How to use Kubernetes and Helm for efficient hyperparametric tuning 07/02 Update SLTechnology News&Howtos

How to use Kubernetes and Helm for efficient hyperparametric tuning

2025-07-02 Update From: SLTechnology News&Howtos shulou NAV: SLTechnology News&Howtos > Servers >

Shulou(Shulou.com)05/31 Report--

This article introduces the knowledge of "how to use Kubernetes and Helm for efficient hyperparameter tuning". In the operation of actual cases, many people will encounter such a dilemma, so let the editor lead you to learn how to deal with these situations. I hope you can read it carefully and be able to achieve something!
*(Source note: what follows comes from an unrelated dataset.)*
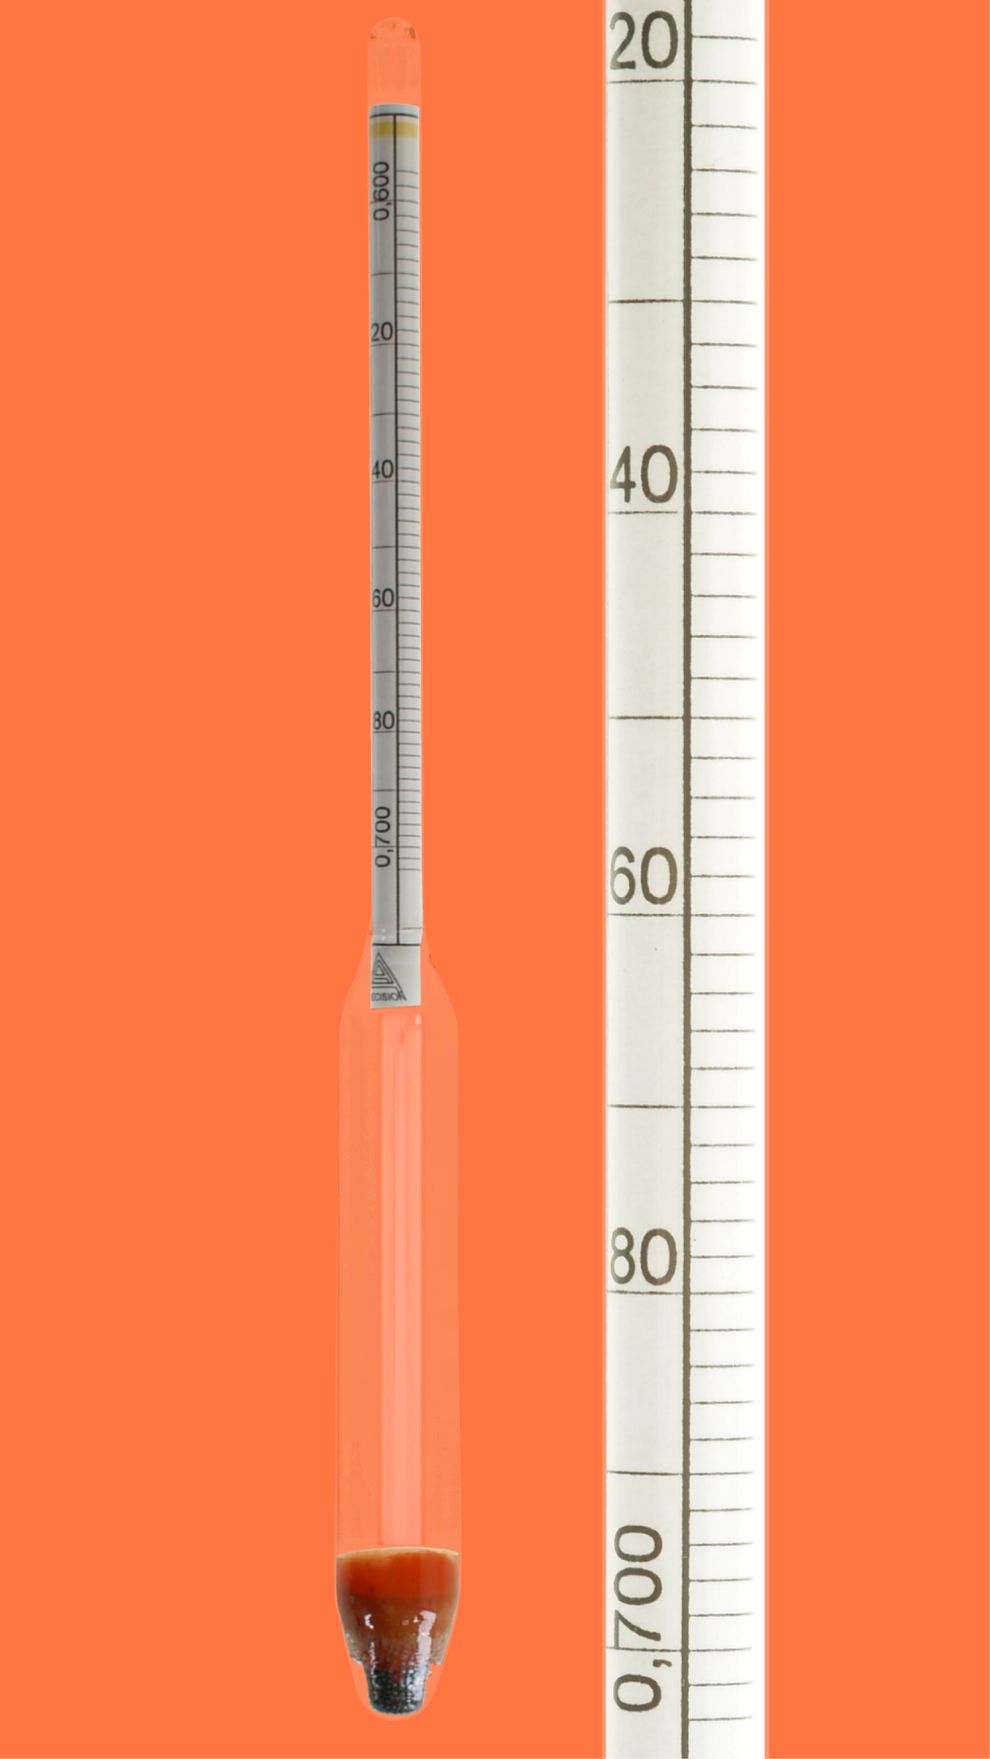 Satz Aräometer, DIN 12791, M100, 0,60-2,00, Bezugstemp. 20°C, ohne Thermometer

The problems faced by Hyperparameter Sweep

In Hyperparameter Sweep, we need to carry out different training according to many different combinations of hyperparameters, and multiple training for the same model requires a lot of computing resources or a lot of time.
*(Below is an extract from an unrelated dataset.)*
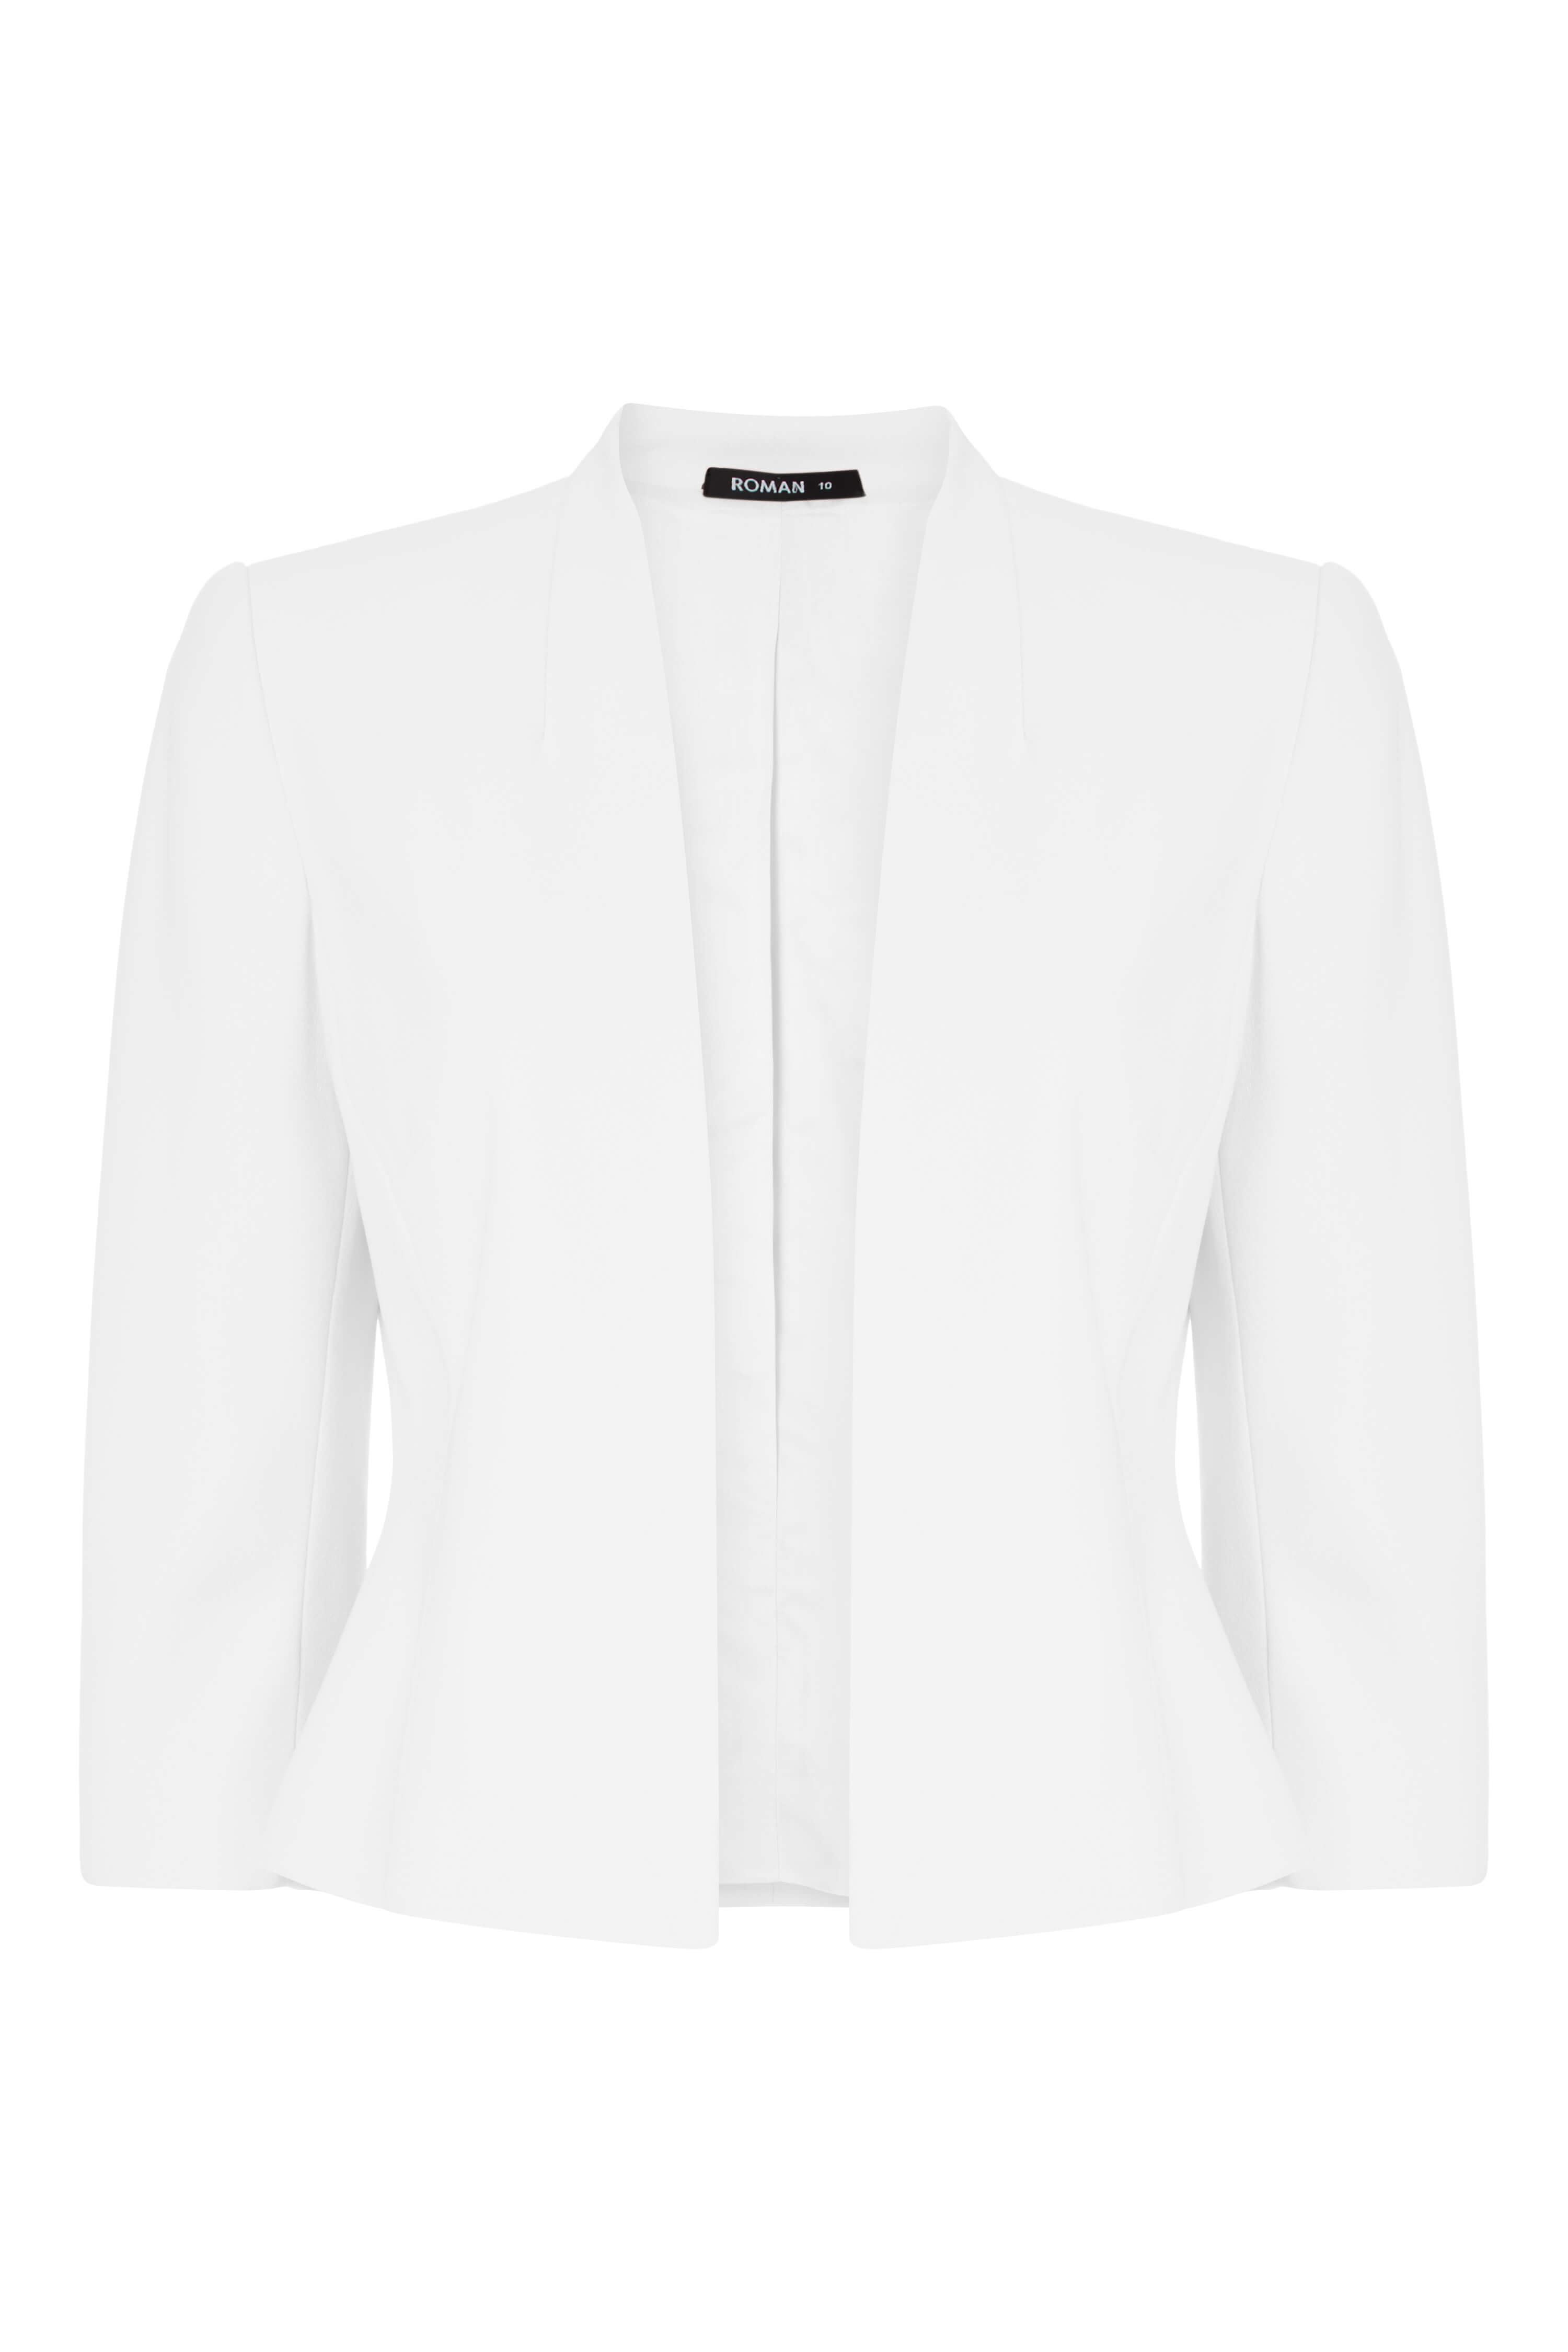 roman white jacket

If the training is carried out in parallel according to different hyperparameters, it requires a lot of computing resources.

If the training corresponding to all different hyperparameter combinations is carried out sequentially on the fixed computing resources, it will take a lot of time to complete the training corresponding to all combinations.
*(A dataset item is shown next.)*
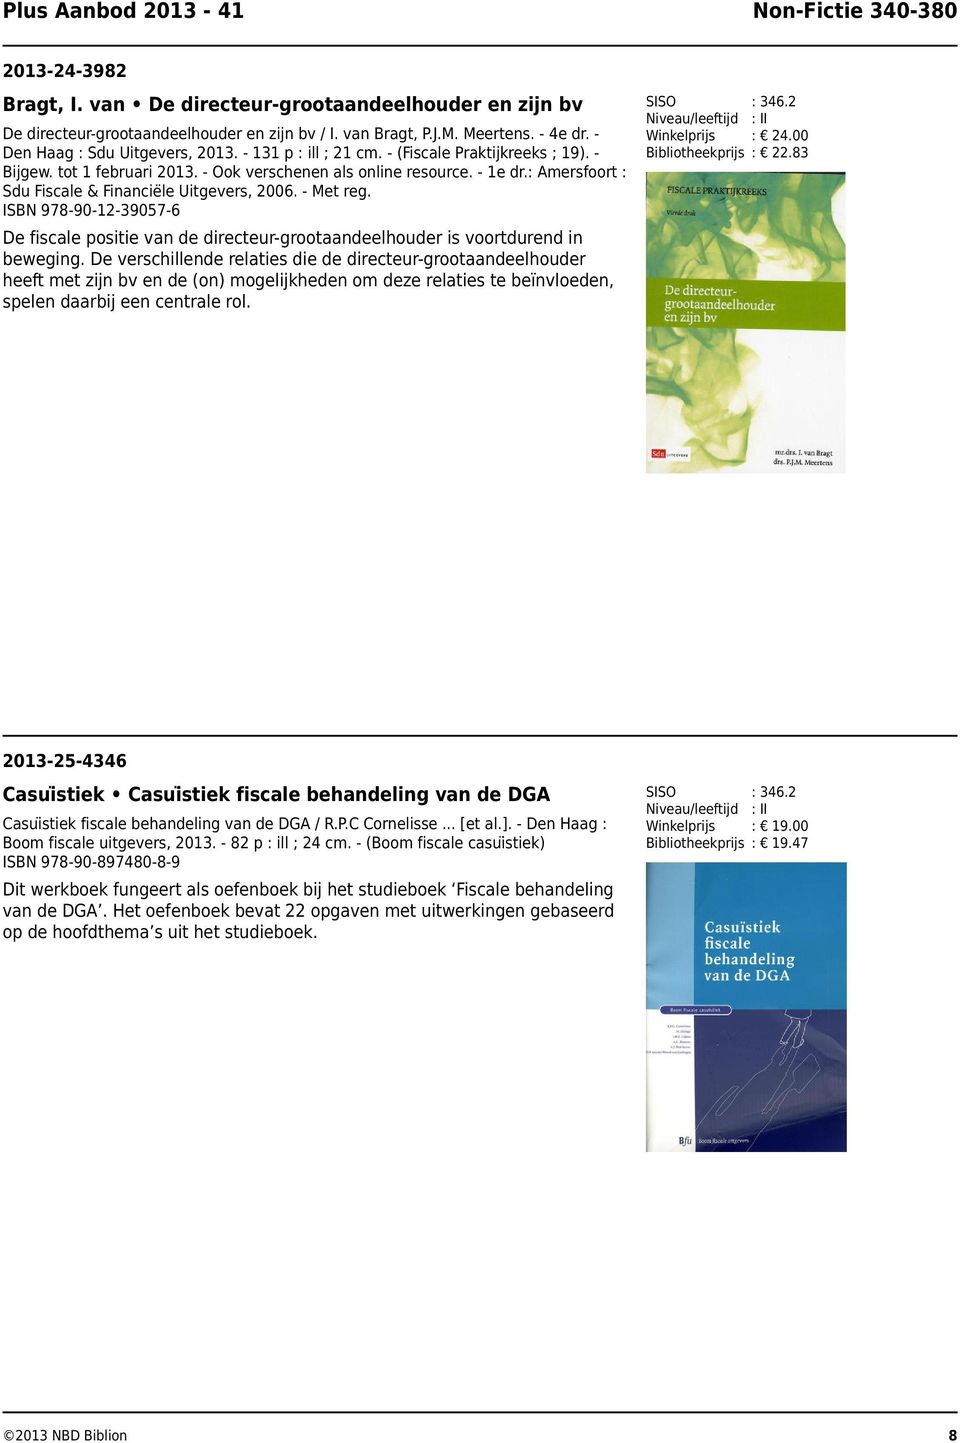 : Amersfoort : Sdu Fiscale & Financie le Uitgevers, 2006. - Met reg. ISBN 978-90-12-39057-6 : 346.2 : 24.00 : 22.83 : 346.2 : 19.00 : 19.

So when landing, most people choose a relatively optimal combination through a very limited number of manual fine-tuning of their superparameters.

Kubernetes+Helm is a sharp weapon.

With Kubernetes and Helm, you can easily explore a very large hyperparameter space while maximizing cluster utilization to optimize costs.

Helm enables us to package applications into chart and easily parameterize them. In Hyperparameter Sweep, we can use the configuration of Helm chart values to generate a corresponding TFJobs in template for training deployment. At the same time, we can deploy a TensorBoard instance in chart to monitor all these TFJobs, so that we can quickly compare the results of all our hyperparameter combinations. For those hyperparameter combinations that are not effective, we can delete the corresponding training tasks as soon as possible. This will undoubtedly greatly save the computing resources of the cluster, thus reducing the cost.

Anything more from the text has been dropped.